Definition at line 437 of file doctorBuffer_utils.c.

void doctorBuffer ( char *  buf,
int  isML,
int  isPS,
int  isCR 
)

Convert a buffer of multiple stuff to text-only, separated by spaces.

The steps followed in this function are:

  1. Filter HTML/XML comments using removeHtmlComments()
  2. Filter code comments using removeLineComments()
  3. Filter post scripts using cleanUpPostscript()
  4. Filter groff/troff using removeBackslashesAndGTroffIndicators()
  5. Filter spaces and special characters using convertWhitespaceToSpaceAndRemoveSpecialChars()
  6. Filter hyphen strings using dehyphen()
  7. Filter punctuation using removePunctuation()
  8. Ignore print routines using ignoreFunctionCalls()
  9. Filter spaces using convertSpaceToInvisible()
  10. Compress the buffer using compressDoctoredBuffer()
    Parameters
    [in,out]bufBuffer to filter
    [in]isMLBuffer contains HTML/XML data
    [in]isPSBuffer contains post script data
    [in]isCR

Definition at line 586 of file doctorBuffer_utils.c.

void ignoreFunctionCalls ( char *  buf)

Ignore function calls to print routines.

Only concentrate on what's being printed (sometimes programs do print licensing information) – but don't ignore real words that END in 'print', like footprint and fingerprint.

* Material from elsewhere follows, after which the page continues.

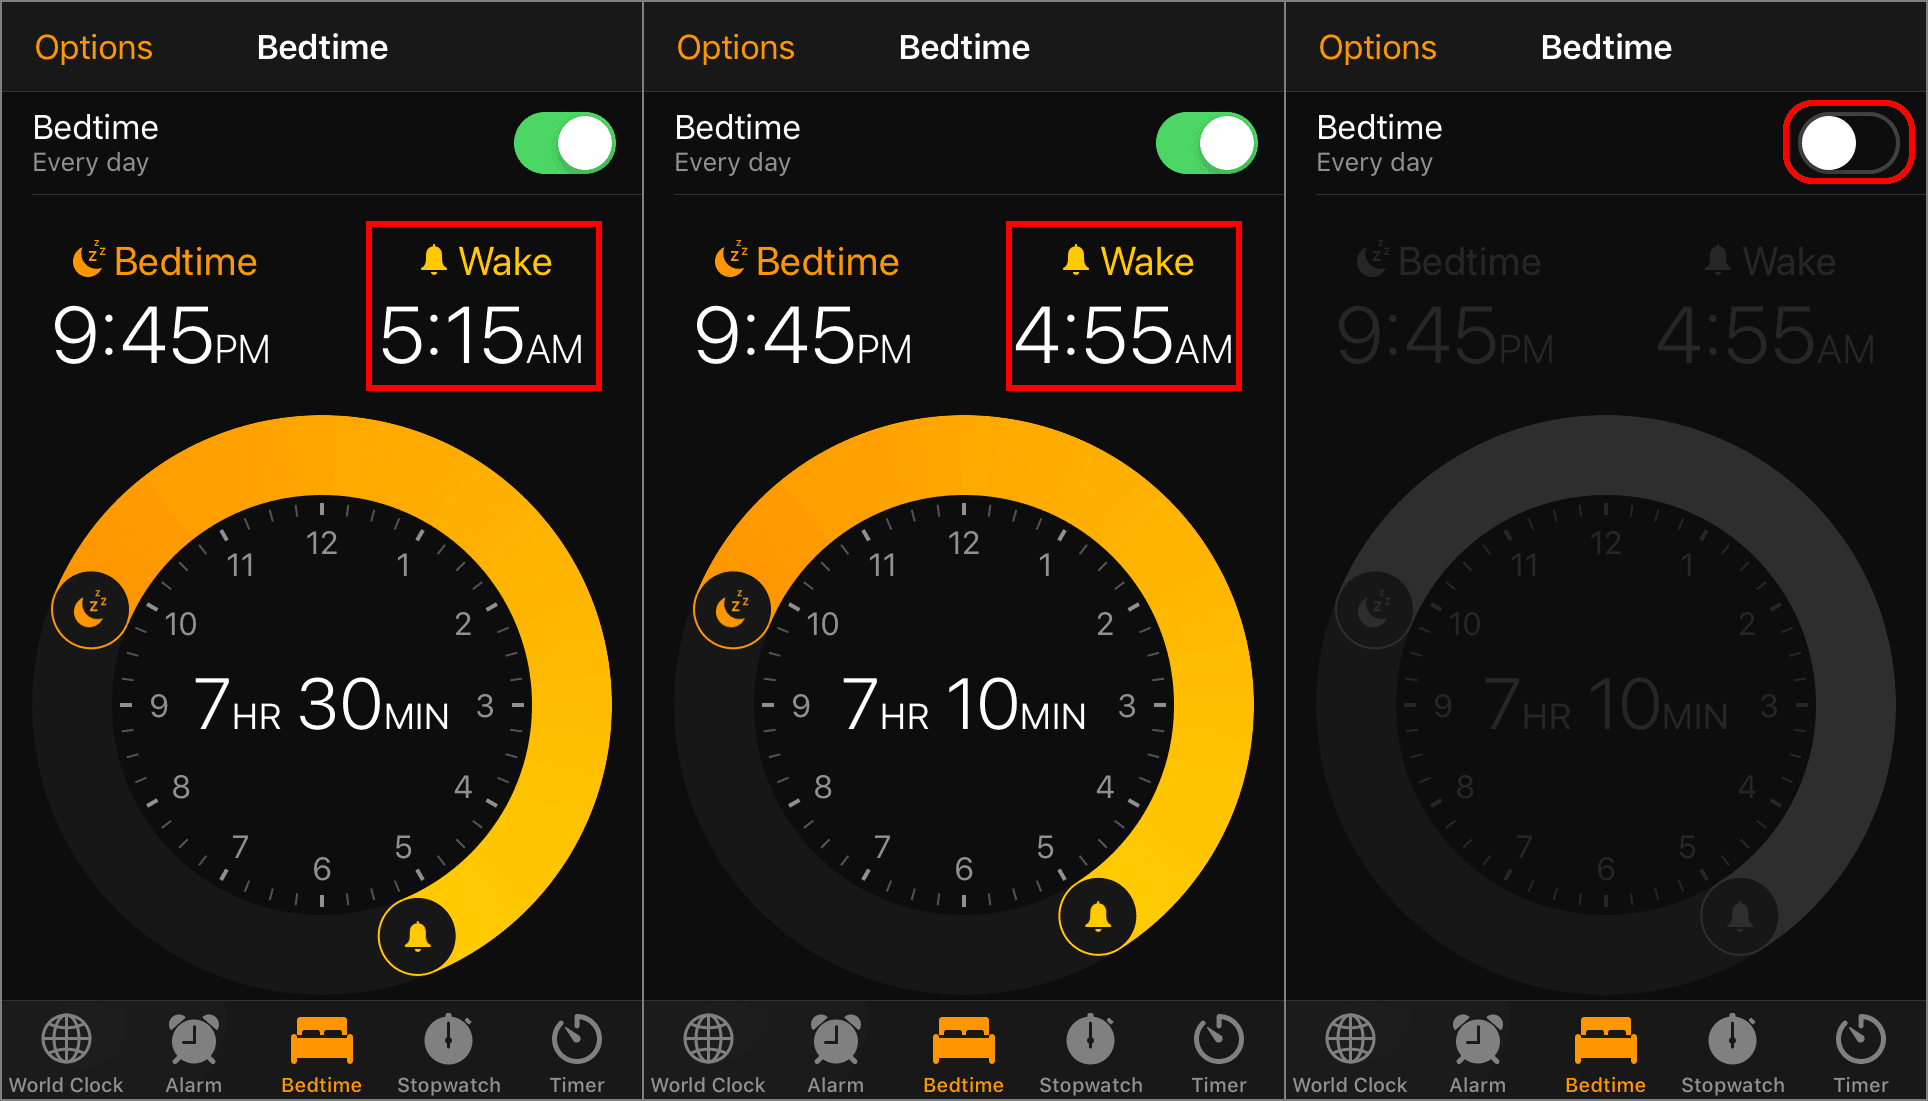 Скриншоты настроек будильника для iPhone в режиме сна

Here, we take a risk and just look for a 't' (in "footprint"), or for an 'r' (in "fingerprint"). If someone has ever coded a print routine that is named 'rprint' or tprint', we're spoofed.

Parameters
[in,out]buf

Definition at line 516 of file doctorBuffer_utils.c.

void removeBackslashesAndGTroffIndicators ( char *  buf)

Remove groff/troff font-size indicators, the literal string backslash-n and all backslahes, ala.

`perl -pe 's,\s[+-][0-9]*,,g;s,\s[0-9]*,,g;s/\n//g;' | f`

Parameters
[in,out]buf

Definition at line 257 of file doctorBuffer_utils.c.

void removeHtmlComments ( char *  buf)

Remove HTML comments from buffer without removing comment text.

Parameters
[in,out]buf

Definition at line 54 of file doctorBuffer_utils.c.

void removeLineComments ( char *  buf)

Remove comments that start at the beginning of a line.

Comments like *, ^dnl, ^xcomm, ^comment, and // preserving the comment text

Parameters
[in,out]buf

when MODULE_LICENSE("GPL") is outcommented, do not get rid of this line.

Definition at line 131 of file doctorBuffer_utils.c.

void removePunctuation ( char *  buf)

Clean up miscellaneous punctuation.

perl -pe 's,[-_/]+ , ,g;s/print[_a-zA-Z]* //g;s/ / /g;'

Parameters
[in,out]buf

Definition at line 478 of file doctorBuffer_utils.c.